Try the below instead and see if it fixes the issue for you too.

If it does, pls send it as v2 but do not add the splat to the commit
message - that's a lot of noise for something which is clear why it
happens and you explain it properly in text anyway.

Thx.

---
diff --git a/drivers/edac/ghes_edac.c b/drivers/edac/ghes_edac.c
index da60c29468a7..54ebc8afc6b1 100644
--- a/drivers/edac/ghes_edac.c
+++ b/drivers/edac/ghes_edac.c
@@ -55,6 +55,8 @@ static DEFINE_SPINLOCK(ghes_lock);
static bool __read_mostly force_load;
module_param(force_load, bool, 0);

+static bool system_scanned;
+
/* Memory Device - Type 17 of SMBIOS spec */
struct memdev_dmi_entry {
u8 type;
@@ -225,14 +227,12 @@ static void enumerate_dimms(const struct dmi_header *dh, void *arg)

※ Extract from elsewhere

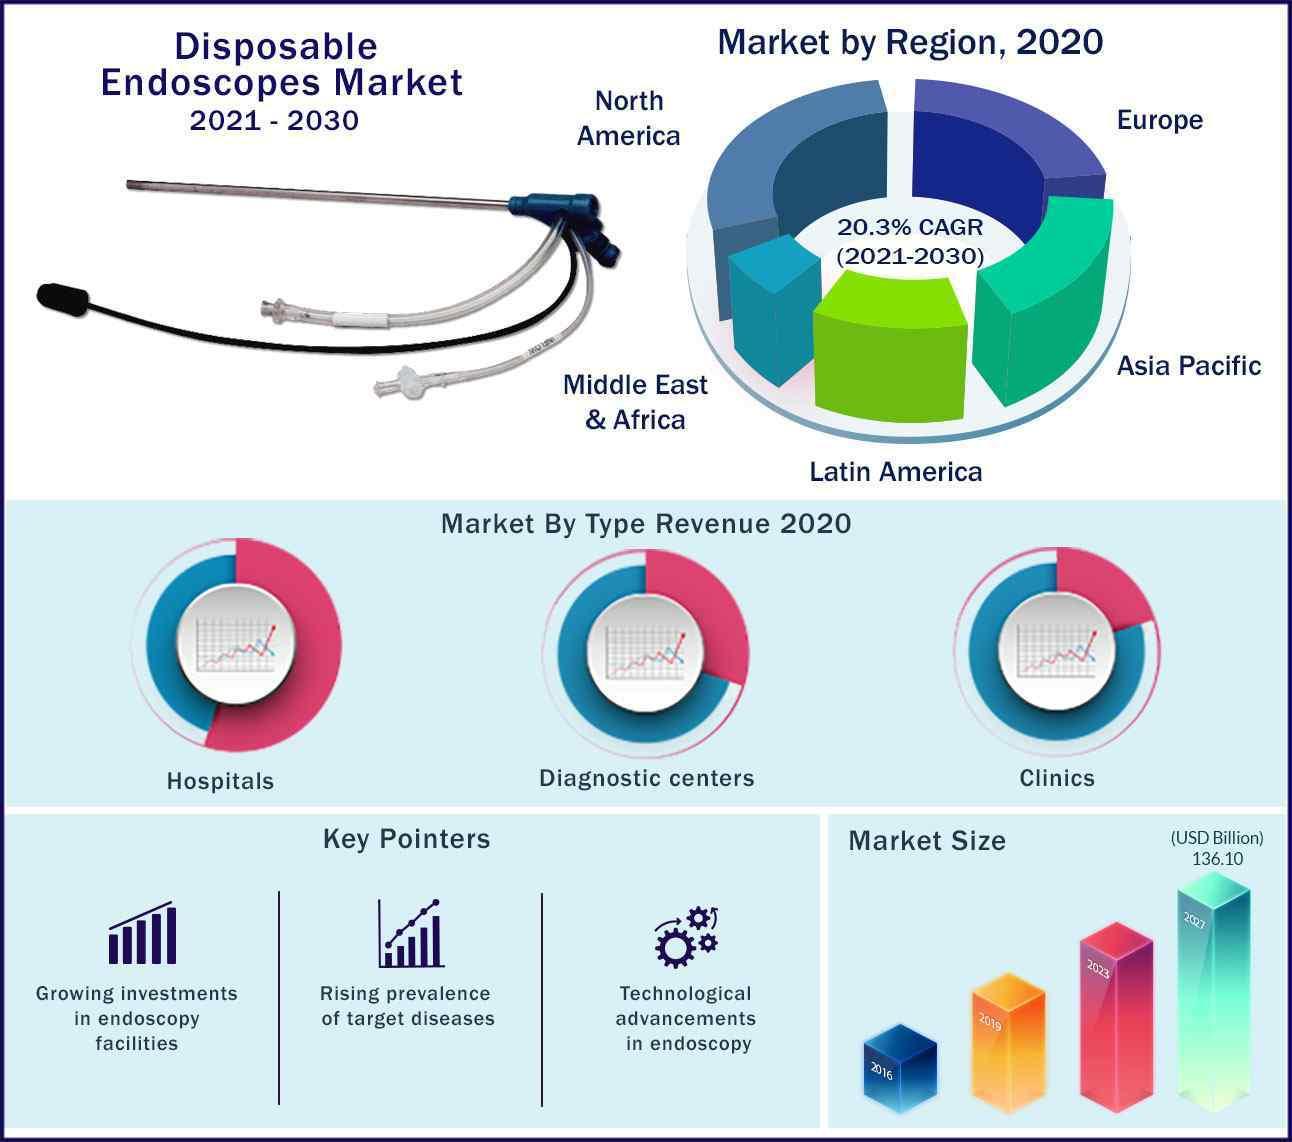 Global Disposable Endoscopes Market 2020 to 2027

static void ghes_scan_system(void)
{
- static bool scanned;
-
- if (scanned)
+ if (system_scanned)
return;

dmi_walk(enumerate_dimms, &ghes_hw);

- scanned = true;
+ system_scanned = true;
}

void ghes_edac_report_mem_error(int sev, struct cper_sec_mem_err *mem_err)
@@ -631,6 +631,8 @@ void ghes_edac_unregister(struct ghes *ghes)

mutex_lock(&ghes_reg_mutex);

+ system_scanned = false;
+
if (!refcount_dec_and_test(&ghes_refcount))
goto unlock;


--
Regards/Gruss,
Boris.

https://people.kernel.org/tglx/notes-about-netiquette